*** DATA SEGMENT Section Begins ***

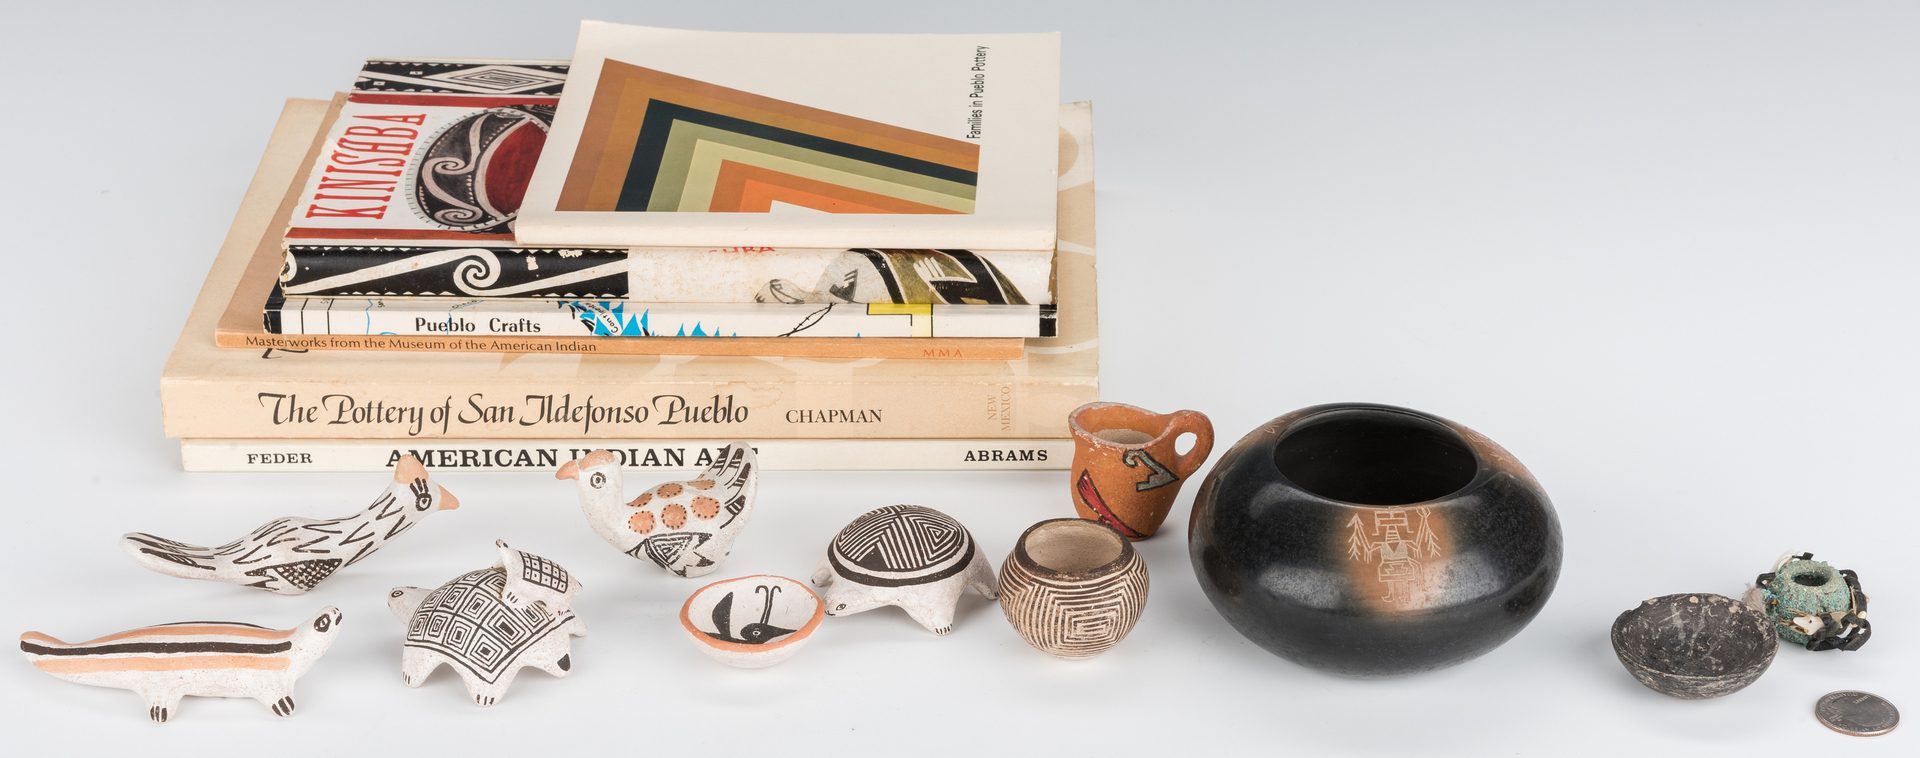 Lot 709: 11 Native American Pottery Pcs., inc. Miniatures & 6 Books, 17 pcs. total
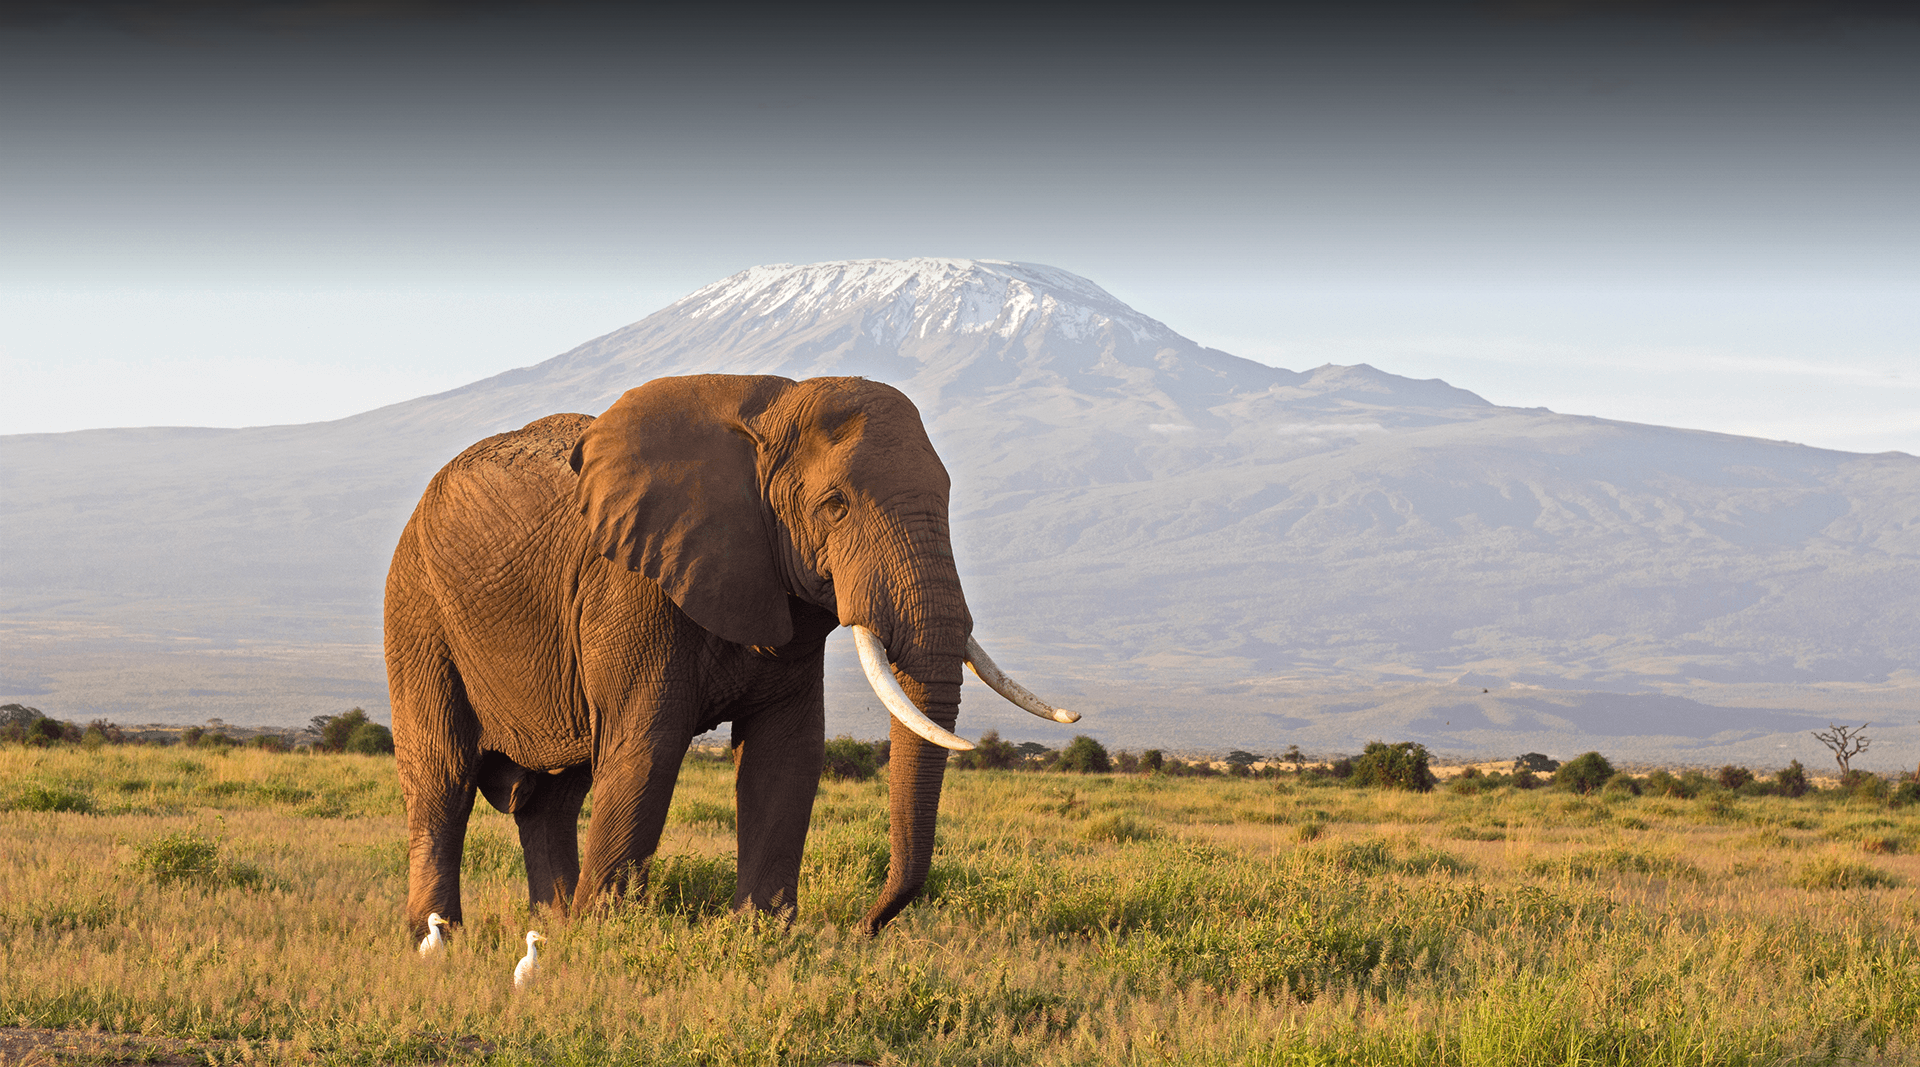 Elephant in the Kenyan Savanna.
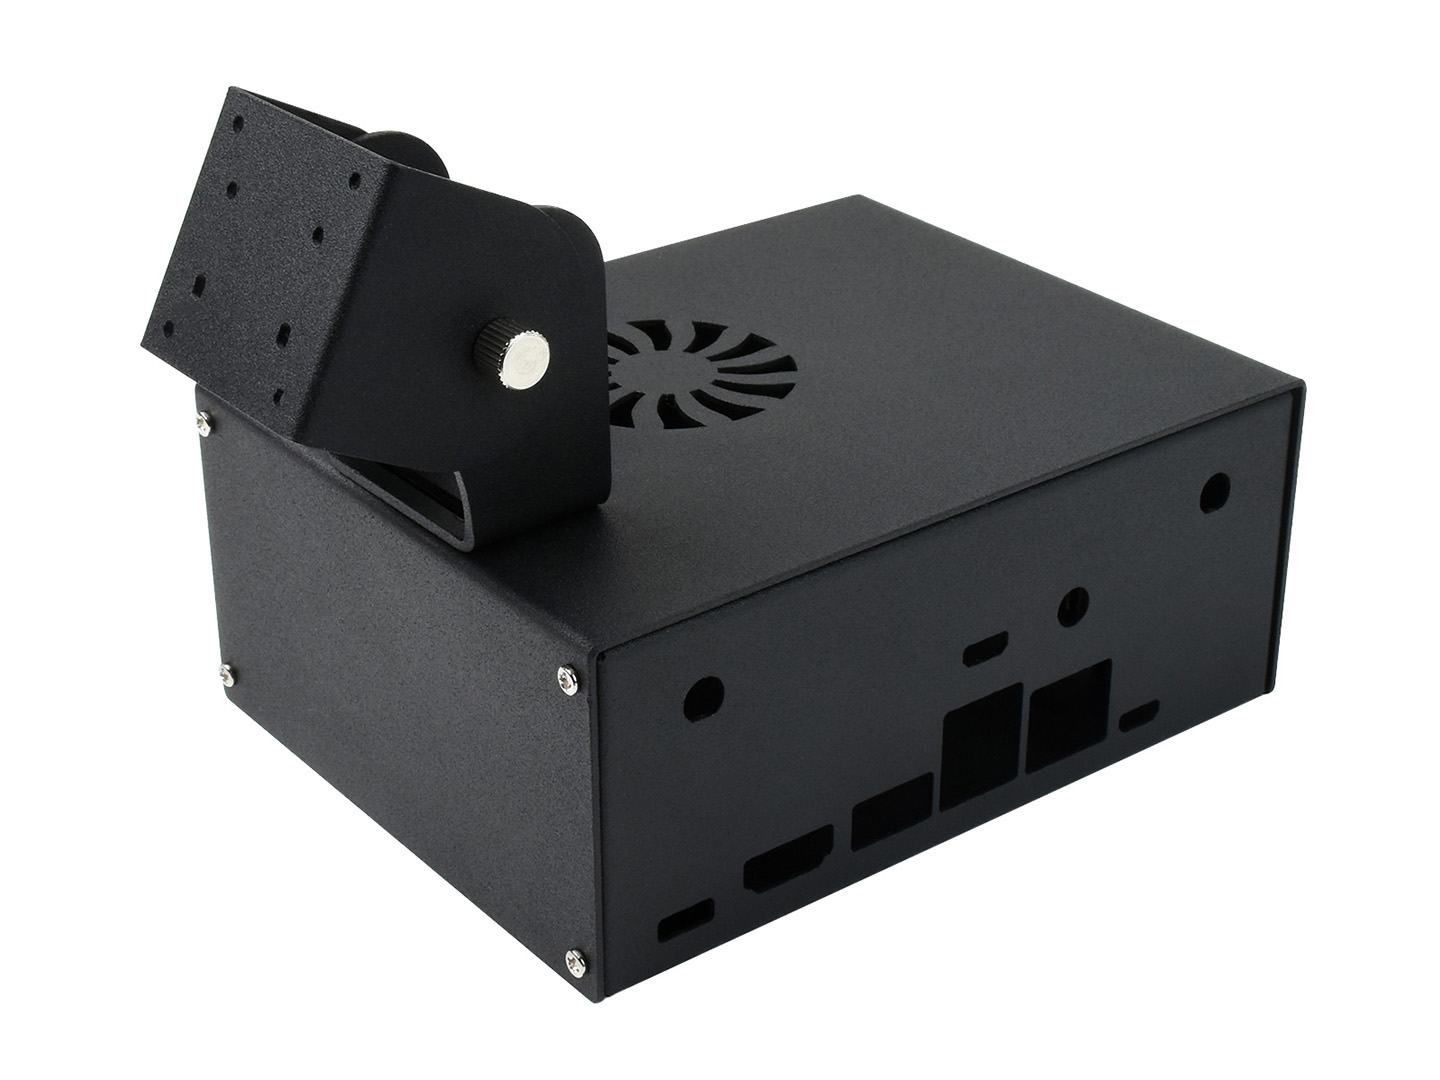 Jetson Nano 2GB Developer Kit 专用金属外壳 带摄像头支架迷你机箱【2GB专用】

*** DATA SEGMENT Section Ends ***

PROBLEM STATEMENT:
Retype all the data exactly. Omit pictures.

TASK RESPONSE:
 Lot 709: 11 Native American Pottery Pcs., inc. Miniatures & 6 Books, 17 pcs. total
 Elephant in the Kenyan Savanna.
 Jetson Nano 2GB Developer Kit 专用金属外壳 带摄像头支架迷你机箱【2GB专用】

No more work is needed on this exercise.